# Predator 52cc Carburetor Problem



## Robert Merritt (Oct 22, 2019)

I recently purchased a new Predator 2HP 52cc auger for digging post holes. It started OK and I dug a few holes and put it away for a couple of days. I got it out this morning and wouldn't start. I followed the manual down to the letter and it wouldn't start. I made sure I had spark and accidentally popped myself. So, I know that's OK. I tried holding the throttle open and got it to run for a couple of minutes and when I let go of the throttle, it died and wouldn't start back up. 

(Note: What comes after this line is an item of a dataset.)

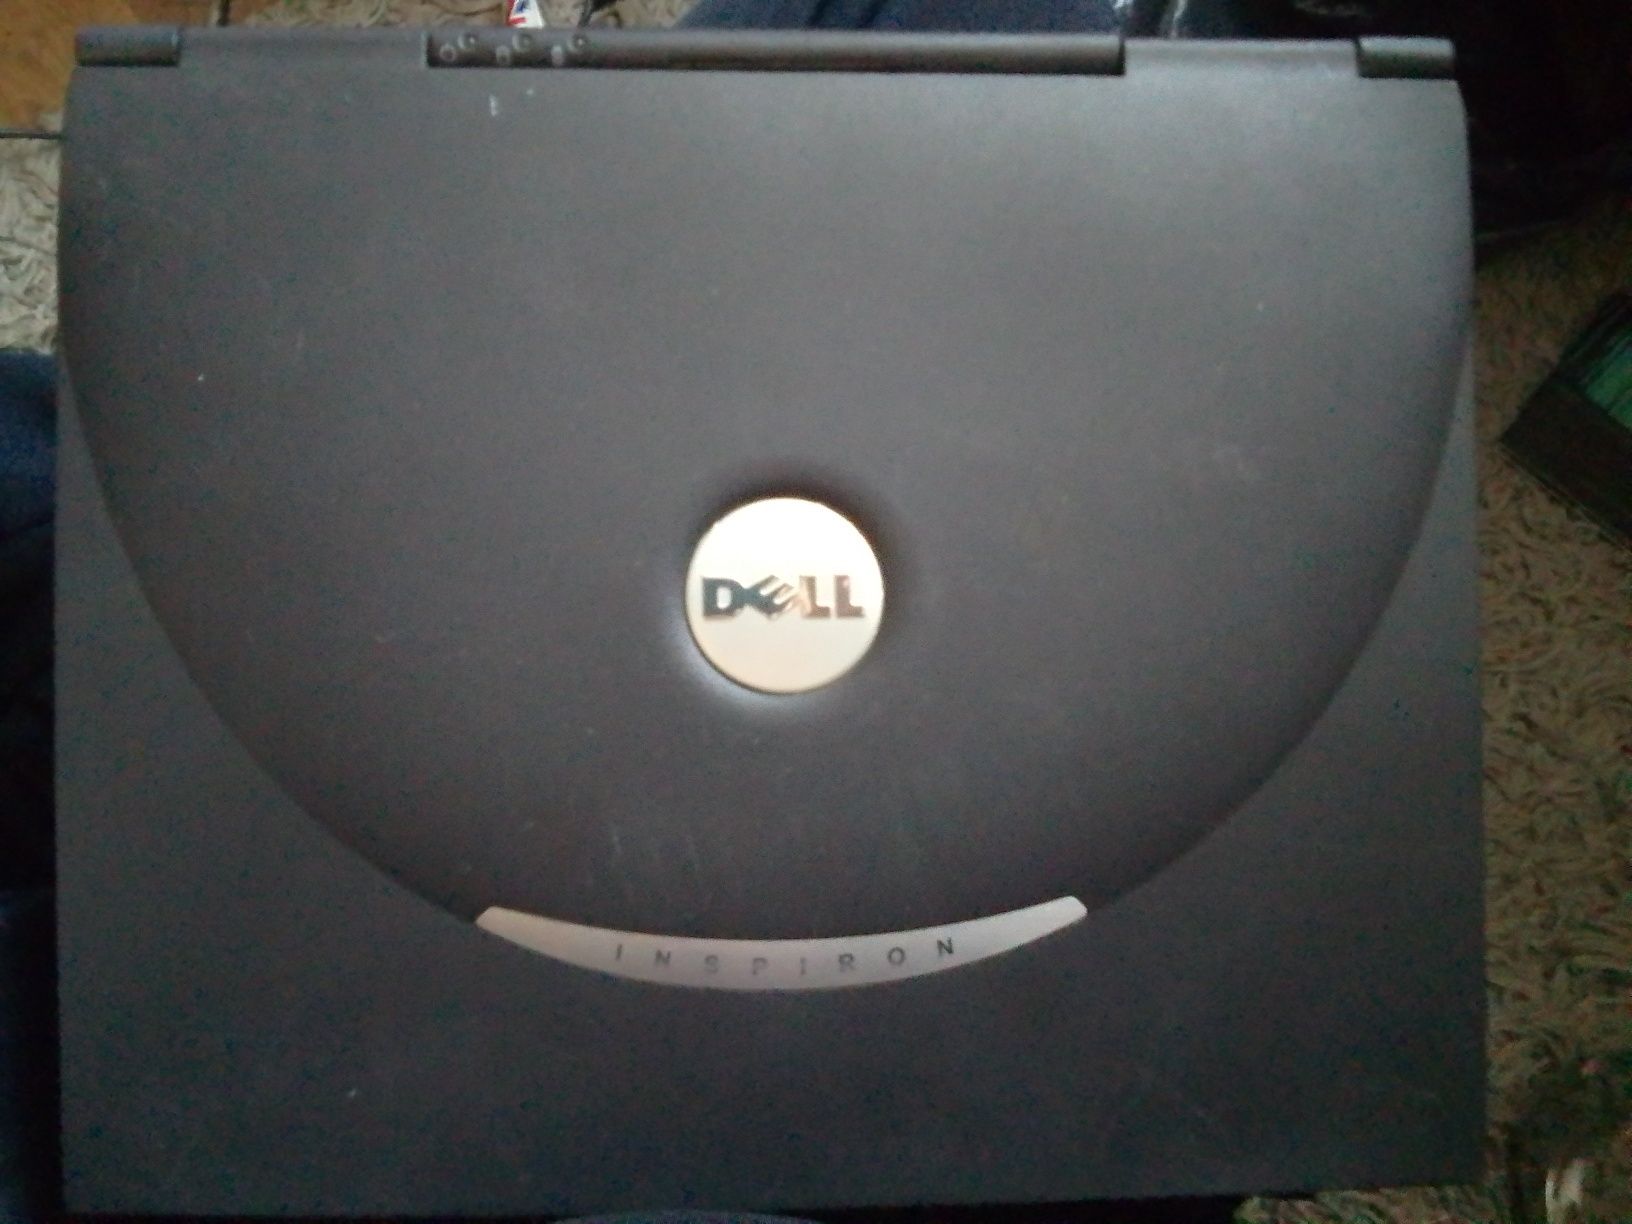 Retro laptop Dell Inspiron i8000

I checked the air filter which was clean. BUT, I did notice some fuel in it. So, that suggests a stuck float. The Harbor Freight technical people weren't much help. They said they don't have replacement carburetors for them and to just take the whole thing back and exchange it. 

Have any of you gotten these new engines with carburetor problems? Do you know of a quick repair so I don't have to take it back? I got to much to get done to mess around taking it back and who knows if the replacement will be any better?


----------



## geogrubb (Jul 28, 2006)

Take it back, if you mess with it they can use that as an excuse to void any warranty. If Harbor Freight can't supply a part they will replace the entire item. Have a good one. Geo


----------



## Milton Fox Racing (May 27, 2014)

I hope you deiced to take it back and got it replaced. That seems like a better choice than not getting the work you need to do - done. :cheers2:


----------



## MargaretWoodard (Jan 13, 2018)

I have a similar problem too


----------



## finaprint (Jan 29, 2006)

If you cannot accurately adjust a 2 stroke for hot idle and max load then very commonly it ends up too rich and then the plug wets out pretty quick to foul and you can give up getting it to run after that. 

Unfortunately, tuning 2 stroke carbs is an acquired skill and many have fits doing it. No really easy way of describing when you are at enough but not too much either. And once the engines get some time on them they get even finickier, you may have to retune the carb out every time you pull the unit out if you store it up any length of time at all. Ethanol being used in the local fuel of course only makes that worse too. 

Not to insult anyone at all, but it is commonly an owner issue more than one of bad device with something wrong with it. The manuals are no help either as they have no descriptions of when you have gone too far at all, and the basic instructions are sadly lacking at best.


----------